The Pelican Bay hunger strike has ended, but the conversation about solitary confinement must continue. The California Department of Corrections and Rehabilitation (CDCR) must change its policies on solitary confinement for many persuasive reasons. Some may point to the vast number of studies that have found long-term solitary confinement to be psychologically harmful. A 2003 University of California, Santa Cruz, study, for example, found that months or years of isolation causes inmates to suffer from chronic apathy, lethargy, depression, despair, and irrational anger.

Some may rely on Aristotle’s argument that, by depriving a person of personal interaction, we rob him of the chance to rehabilitate himself into a virtuous citizen. Some will recall Alexis de Tocqueville’s 1826 finding that “absolute solitude, if nothing interrupts it, is beyond the strength of man; it destroys the criminal without intermission and without pity; it does not reform, it kills.”
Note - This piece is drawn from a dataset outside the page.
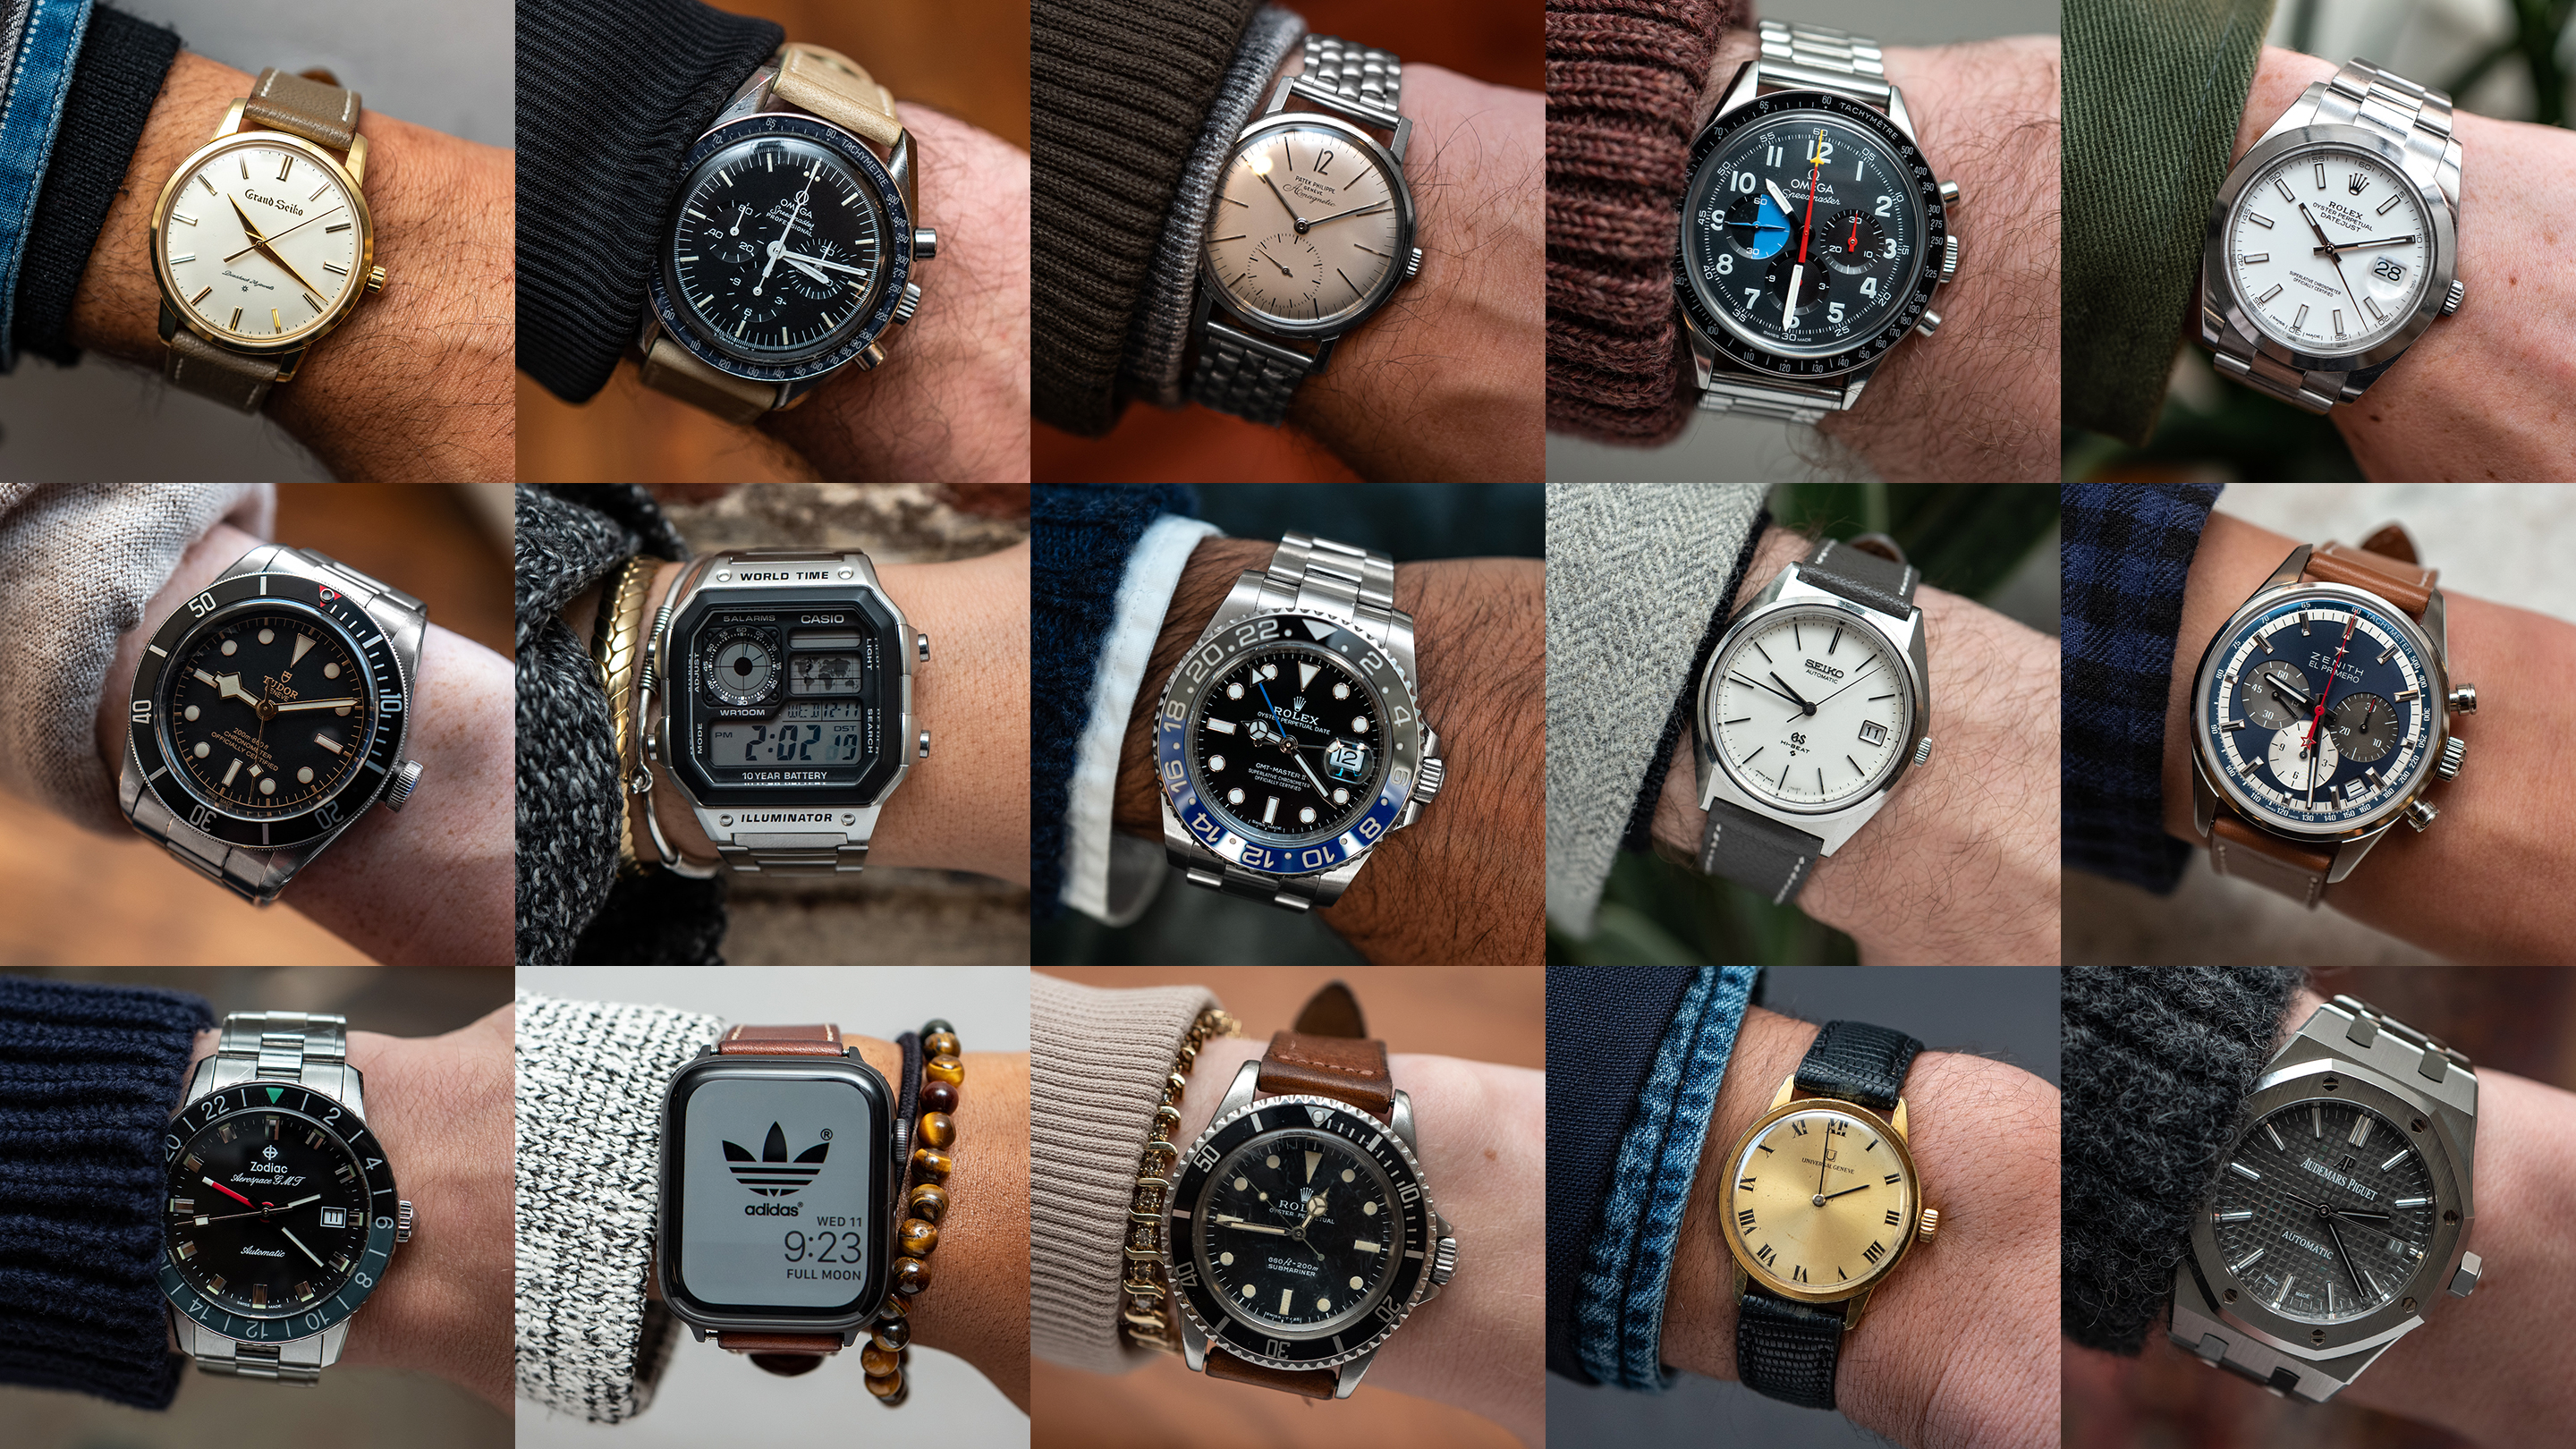 Blue watches. Do you have any? | Page 32 | WatchUSeek Watch Forums

Others may cite the 1890 Supreme Court opinion stating that prisoners subjected to solitary confinement became violently insane and committed suicide. Still others may be persuaded by the myriad accounts of former prisoners of war and hostages who describe losing their minds when subjected to solitary confinement. And others may quote the California prison psychiatrist who concluded, “It’s a standard psychiatric concept, if you put people in isolation, they will go insane.” In 2006, security housing units (SHUs) constituted 5 percent of California’s prison population but accounted for about half of inmate suicides. In 2005, SHUs accounted for almost 70 percent of suicides.

And some will no doubt be moved by the notion that solitary confinement violates basic notions of human decency, the Constitution, and international human rights.

But we should all be concerned with California’s use of the SHU because the SHU undermines public safety. Inmates who spend lengths of time in solitary confinement are more likely to commit crimes in the future. People who have been cut off from human contact are ill-equipped to be productive members of our society, and the vast majority of inmates in solitary confinement will be released someday. In 2006, fully 95 percent of the inmates in solitary confinement at Pelican Bay were scheduled for release. So, if psychological, philosophical, legal, and humanitarian concerns provide insufficient rationale, we should call on the CDCR to make changes if only in the interest of self-preservation.